Even if you don’t yet know KL deeply, you can see the story:
Decision trees choose splits that reduce uncertainty about the label Y.
At a node, compute entropy of labels:
H(Y) = −∑ᵧ p(y) log p(y)
After splitting on feature X, you get conditional entropy:
H(Y|X) = ∑ₓ p(x) H(Y|X=x)
Information gain is:
IG = H(Y) − H(Y|X)
So trees pick the feature that maximizes IG (largest reduction in label uncertainty).
If you use log₂, entropy is measured in bits, and a bit is literally one yes/no question.
So H(X)=3 bits means: with optimal questioning, you need about 3 binary questions on average to identify X.

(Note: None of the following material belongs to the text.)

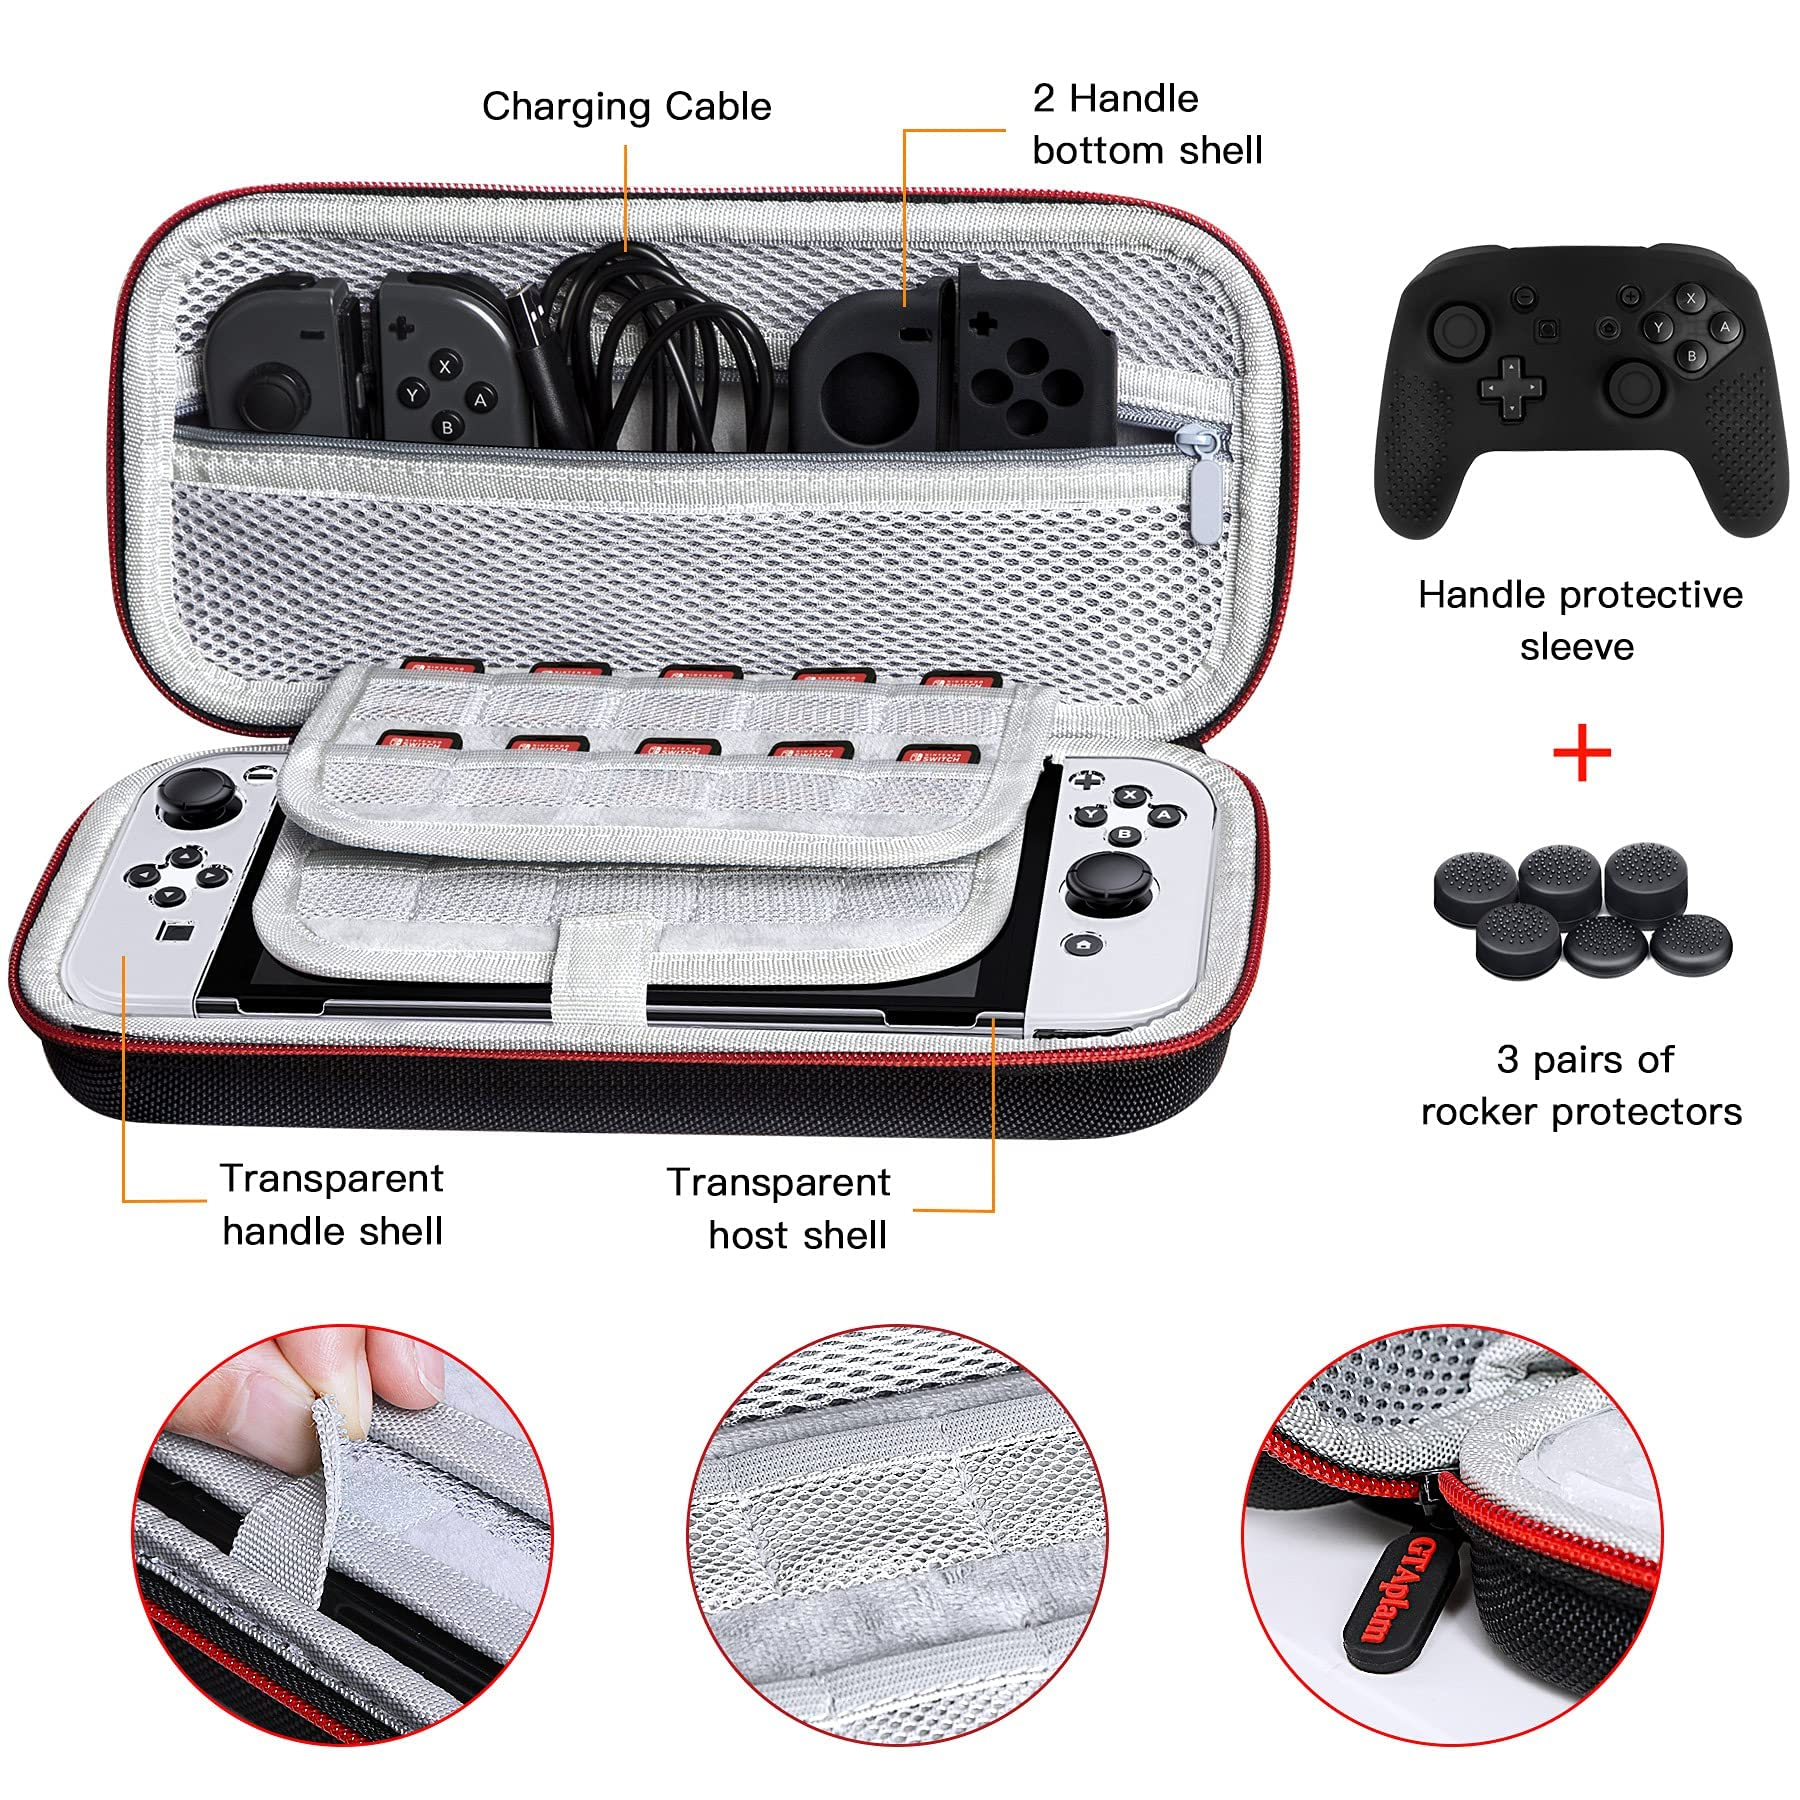 Gamers Kit for Nintendo Switch OLED: Wired Gaming Headset with 50mm  Drivers, (2)Screen Protectors, Ergonomic Grip, Switch OLED Travel Case,  Joy-Con

This mental model helps you sanity-check:
Once entropy feels natural, several powerful concepts become almost inevitable:
Entropy is the hub: it’s the “energy unit” in the economy of information.
Let X ∈ {0,1} with P(X=1)=p and P(X=0)=1−p. Compute H(X) (base 2), and verify it is maximized at p=1/2.
Start from the definition:
H(X) = −∑ₓ p(x) log₂ p(x)
Plug in the two outcomes:
H(p) = −p log₂ p − (1−p) log₂(1−p)
Check a few values for intuition:
= −(1/2)(−1) − (1/2)(−1)
= 1 bit
To verify the maximum location, it is easier to differentiate using ln and convert later.
Define h(p) = −p ln p − (1−p) ln(1−p). (This is entropy in nats.)
Differentiate:
∂h/∂p = −(ln p + 1) − [−ln(1−p) − 1]
= −ln p − 1 + ln(1−p) + 1
= ln((1−p)/p)
Set derivative to 0:
ln((1−p)/p) = 0
⇒ (1−p)/p = 1
⇒ 1−p = p
⇒ p = 1/2
Second derivative check:
∂²h/∂p² = ∂/∂p [ln(1−p) − ln p]
= −1/(1−p) − 1/p
< 0 for p ∈ (0,1)
So p=1/2 is a maximum.
Convert back to bits if needed:
H_bits(p) = h(p) / ln 2, and at p=1/2 we get 1 bit.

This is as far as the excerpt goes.